Но Лада продолжала кричать и выворачиваться из рук. Али отпустил ее, стал шарить по стене, разыскивая полку, где лежал трутень, пропитанный нефтью, огниво и кресало, говоря: «я сейчас зажгу свет». Это подействовало, Лада взяла паузу, ожидая дальнейшего развития событий. Когда фитиль вспыхнул, Лада бросилась обнимать Али, плача и причитая «Ты жив, ты жив».

– Да я жив, успокойся же наконец.

Али осторожно высвободился из объятий Лады, разыскал в стенной нише свечу, зажег ее, затем еще одну. Свет озарил помещение, и Лада увидела, что находится в довольно просторной комнате, где был стол и широкая лежанка, сколоченная из досок. Стены были укреплены булыжником.

– Подумать только, здесь даже есть кровать, – воскликнула Лада, – а я все это время просидела на ступеньке. Боялась даже шевельнуться. А могла бы и вздремнуть. Я так рада тебя видеть, – добавила она.

– Я понимаю, – серьезно ответил Али. Он двигался по комнате, то и дело, поднося свечу к полке.

– Ты что-то ищешь? – спросила Лада.

– Уже нашел, – ответил Али, – достав кувшин с полки, где их стояло около десятка.

– Что это?

– Арак.

– Ты хочешь выпить?

– Выпить? Нет, хотя выпить нам не помешает. Мне надо перевязать руку.

– О Аллах, ты ранен, – воскликнула она, – ты весь в крови.

– Не сильно. Поможешь мне?

– Конечно, – Лада принялась, было отрывать подол от своего платья. Но Али остановил ее.

– Под лежанкой есть материя.

Он приподнял лежанку за край. Под ней оказалась целая штука белой ткани.

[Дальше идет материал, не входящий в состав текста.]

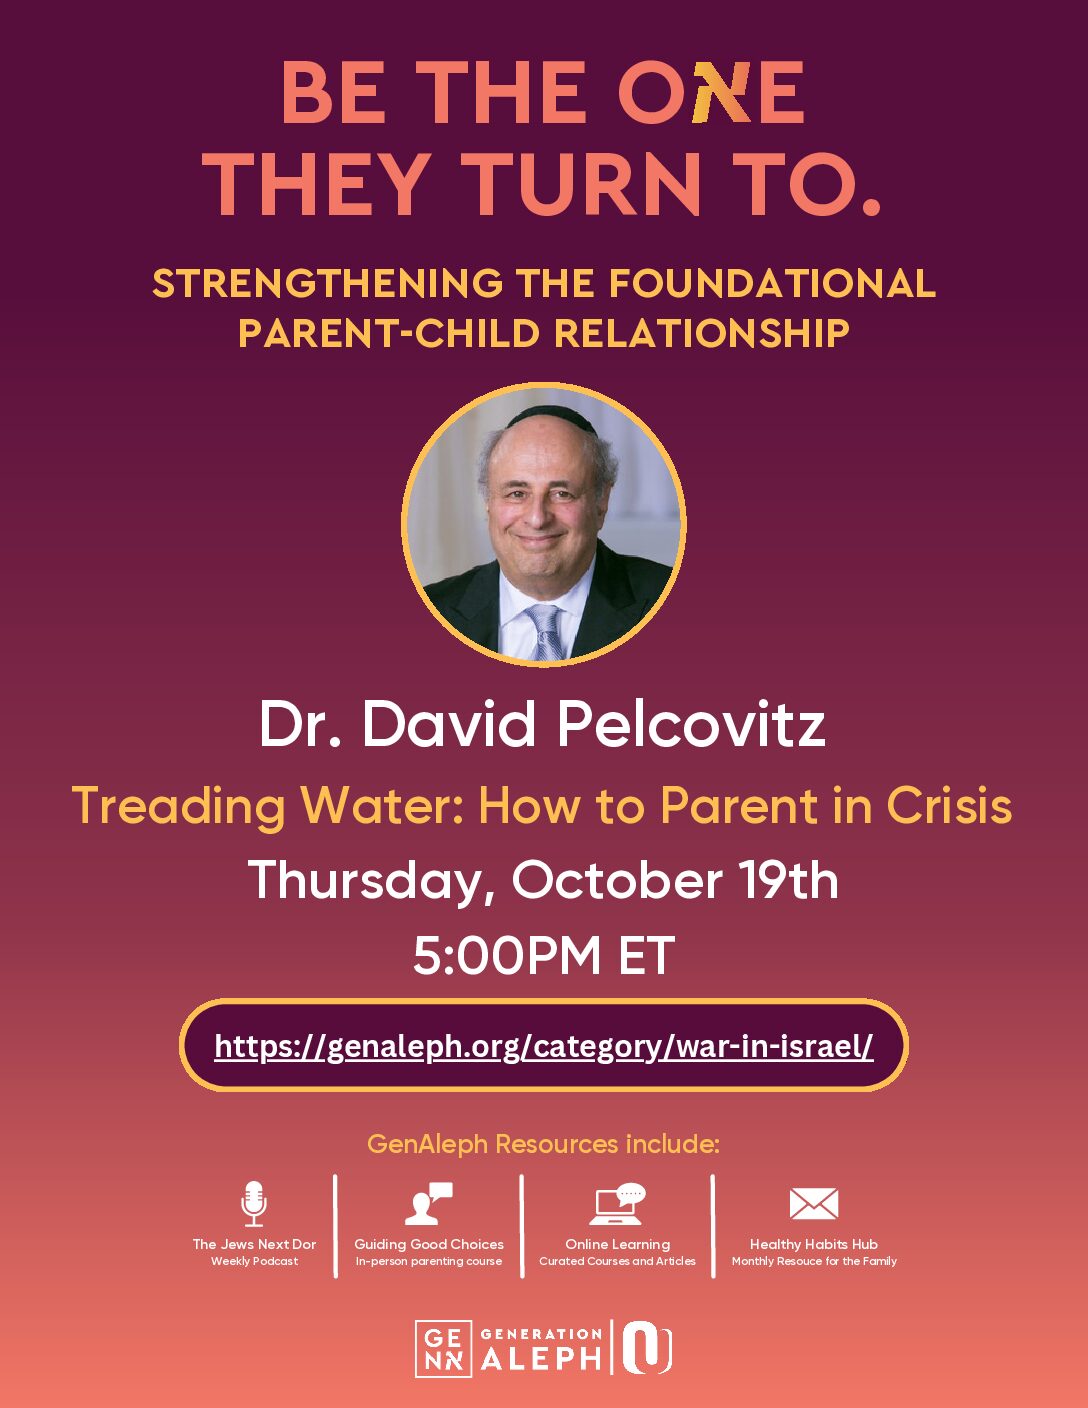 Treading Water: How to Parent in Crisis – Dr. David Pelcovitz

Здесь же лежал тюфяк и одеяла. Али достал и бросил все это на лежанку. Оторвал кусок ткани, налил в чашу из кувшина.

– Намочи тряпку и обработай мне рану, – попросил Али.

– Намочить тряпку араком, – переспросила Лада, – я надеюсь, что ты знаешь, что ты делаешь?

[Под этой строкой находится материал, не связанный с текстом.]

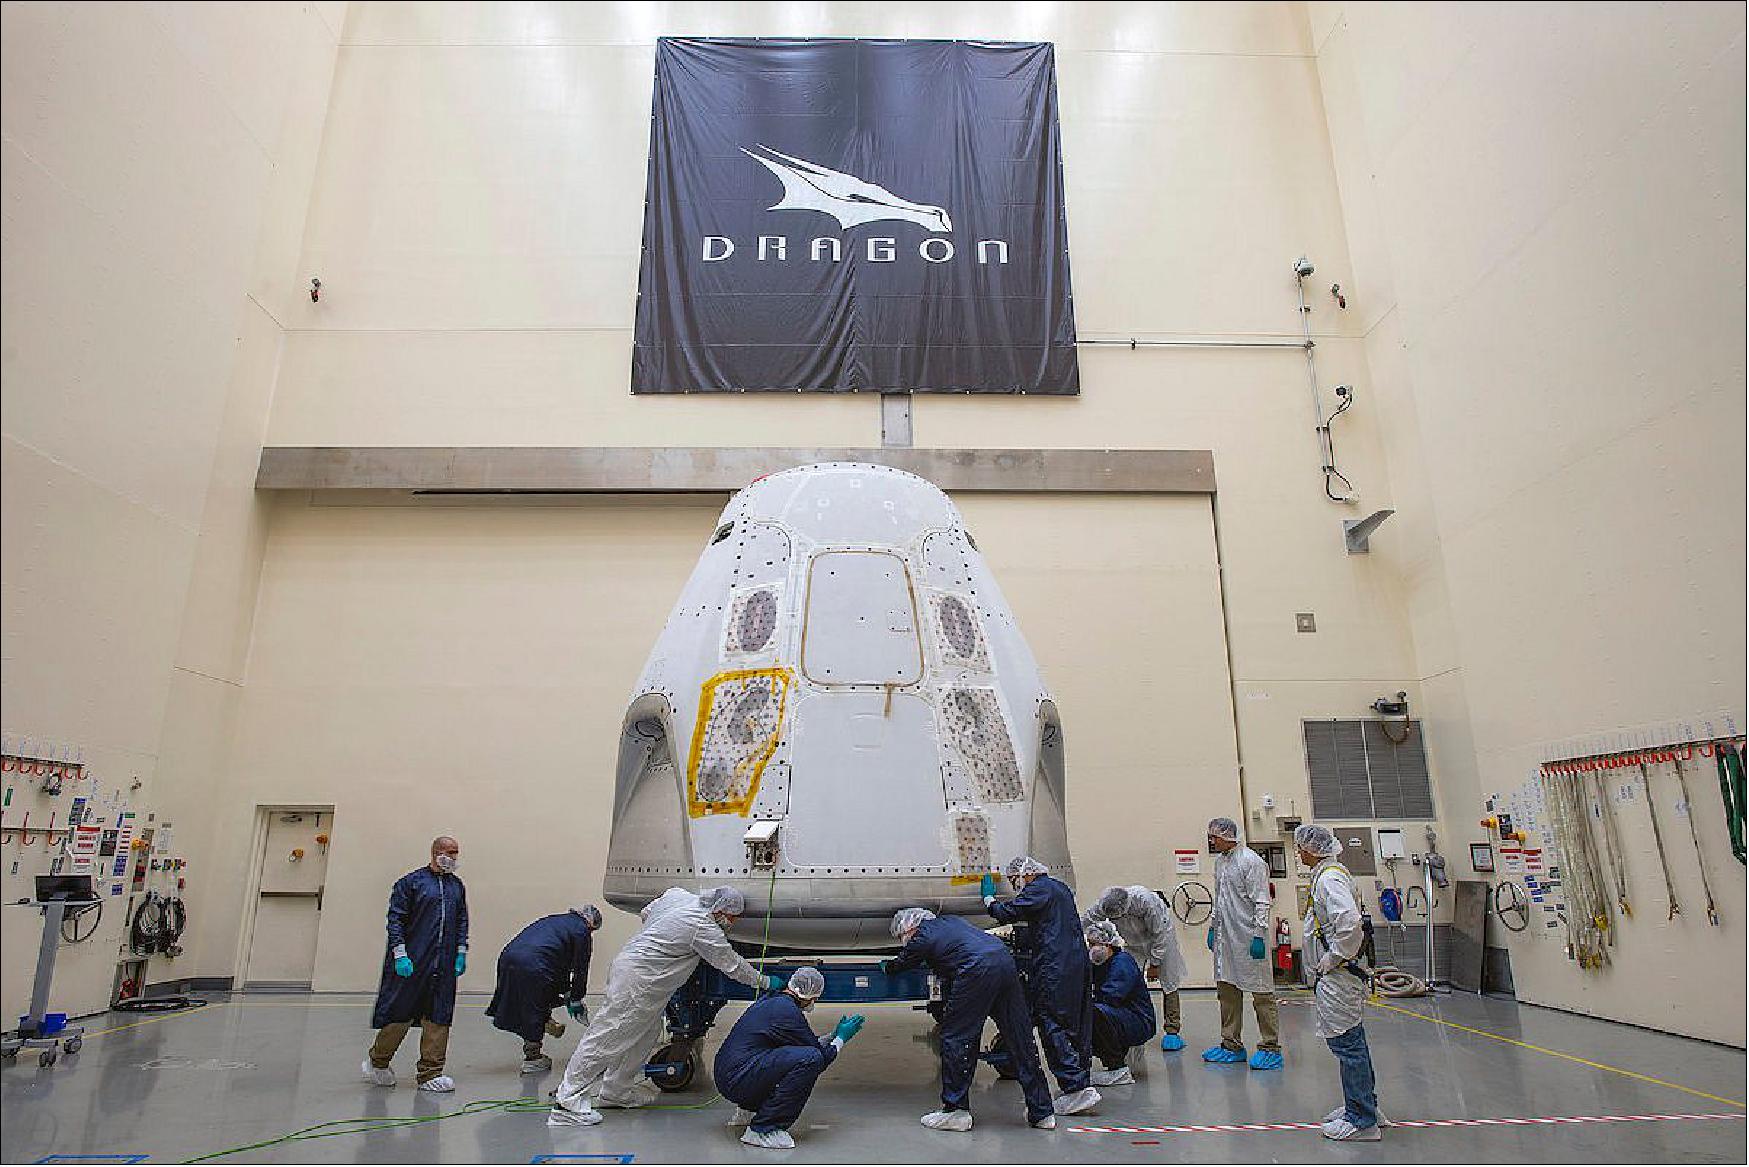 Figure 23: SpaceX’s Crew Dragon spacecraft that will deliver astronauts Doug Hurley and Bob Behnken to the International Space Station, has arrived at Cape Canaveral for launch preparations (image credit: SpaceX)

Али как не крепился не смог сдержать стон, когда арак попал на открытую рану.

– Рана неглубокая, – заметила Лада, – все обойдется.

Али молчал. Лада сделал из ткани тампон, промокнула его в водке и, приложив его к ране, забинтовала руку. Али поблагодарил, опустил руку и перевел дух.

– Что… там… наверху? – запоздало спросила Лада.

Али покачал головой.

– Наверху худшее из всего, что могло произойти. Я не буду тебя слишком обнадеживать. Мы в относительной безопасности, но как долго это продлиться – неизвестно. Если нас не найдут татары, то мы можем продержаться здесь несколько дней, если на то будет воля Аллаха.

– Иншаллах, – добавила Лада. После недолгого молчания она спросила, – как тебе удалось выйти из тюрьмы?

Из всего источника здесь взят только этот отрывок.